What is required: Omit the images and output every line of the data below exactly.

------ Given data

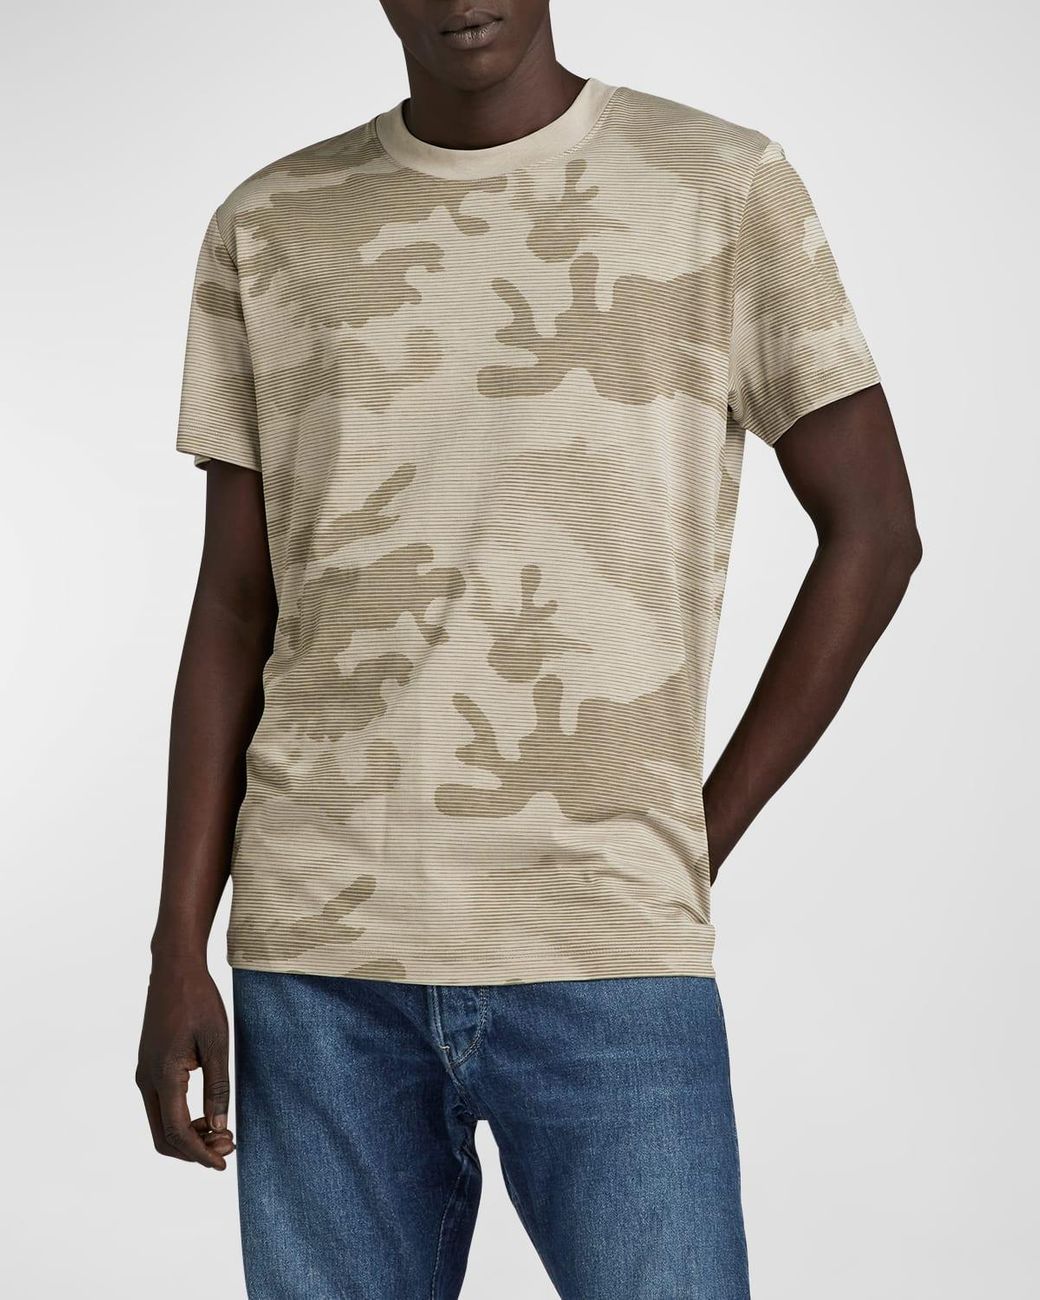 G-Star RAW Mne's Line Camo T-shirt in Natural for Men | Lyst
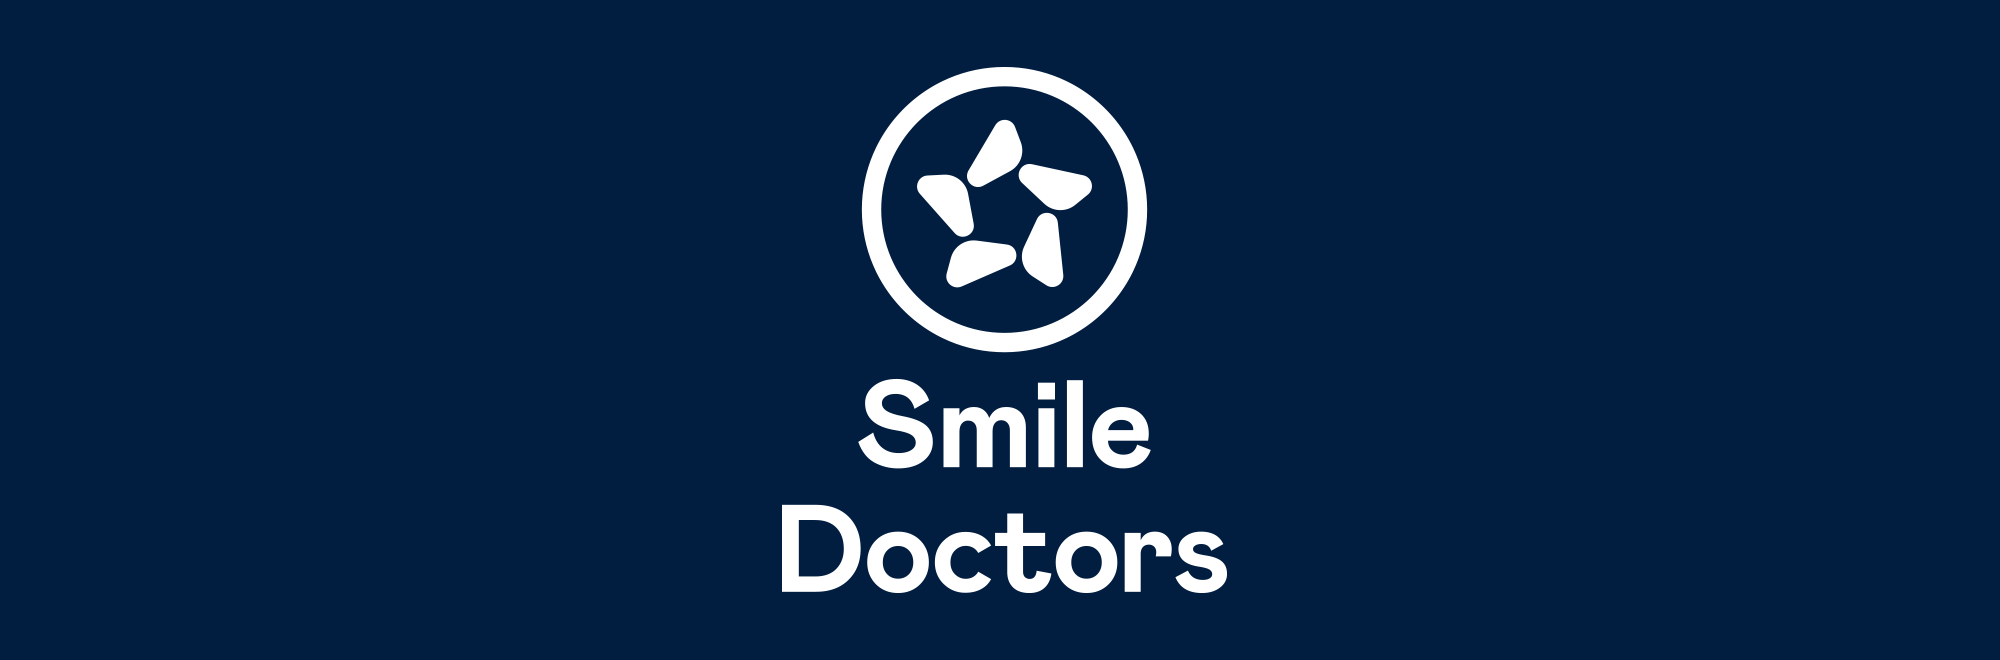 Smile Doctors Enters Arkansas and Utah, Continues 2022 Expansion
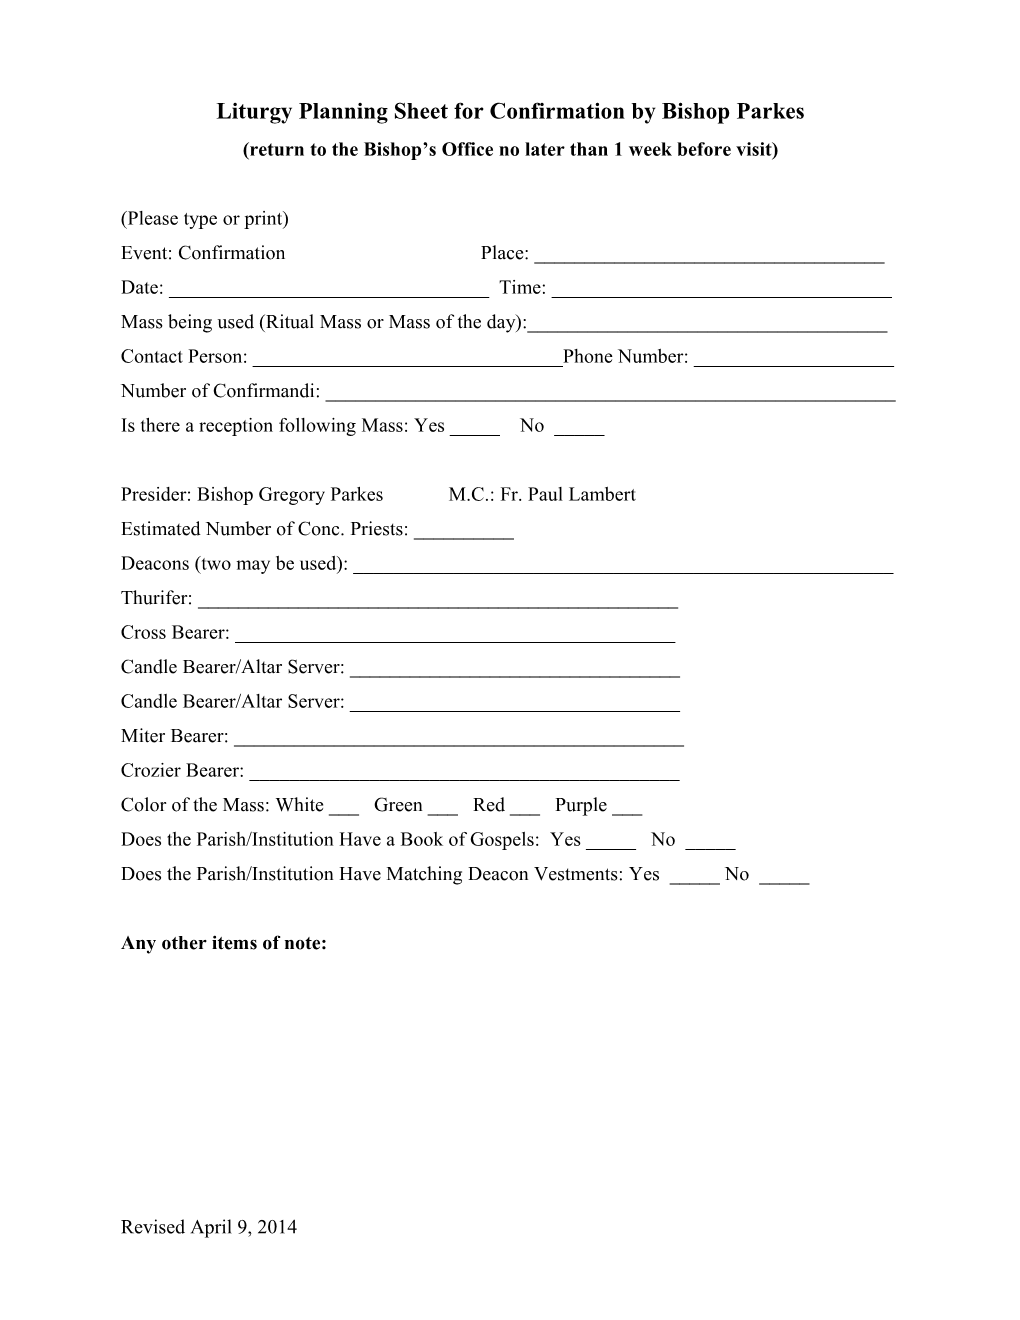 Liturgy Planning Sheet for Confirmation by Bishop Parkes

------------

Problem solution:
 G-Star RAW Mne's Line Camo T-shirt in Natural for Men | Lyst
 Smile Doctors Enters Arkansas and Utah, Continues 2022 Expansion
 Liturgy Planning Sheet for Confirmation by Bishop Parkes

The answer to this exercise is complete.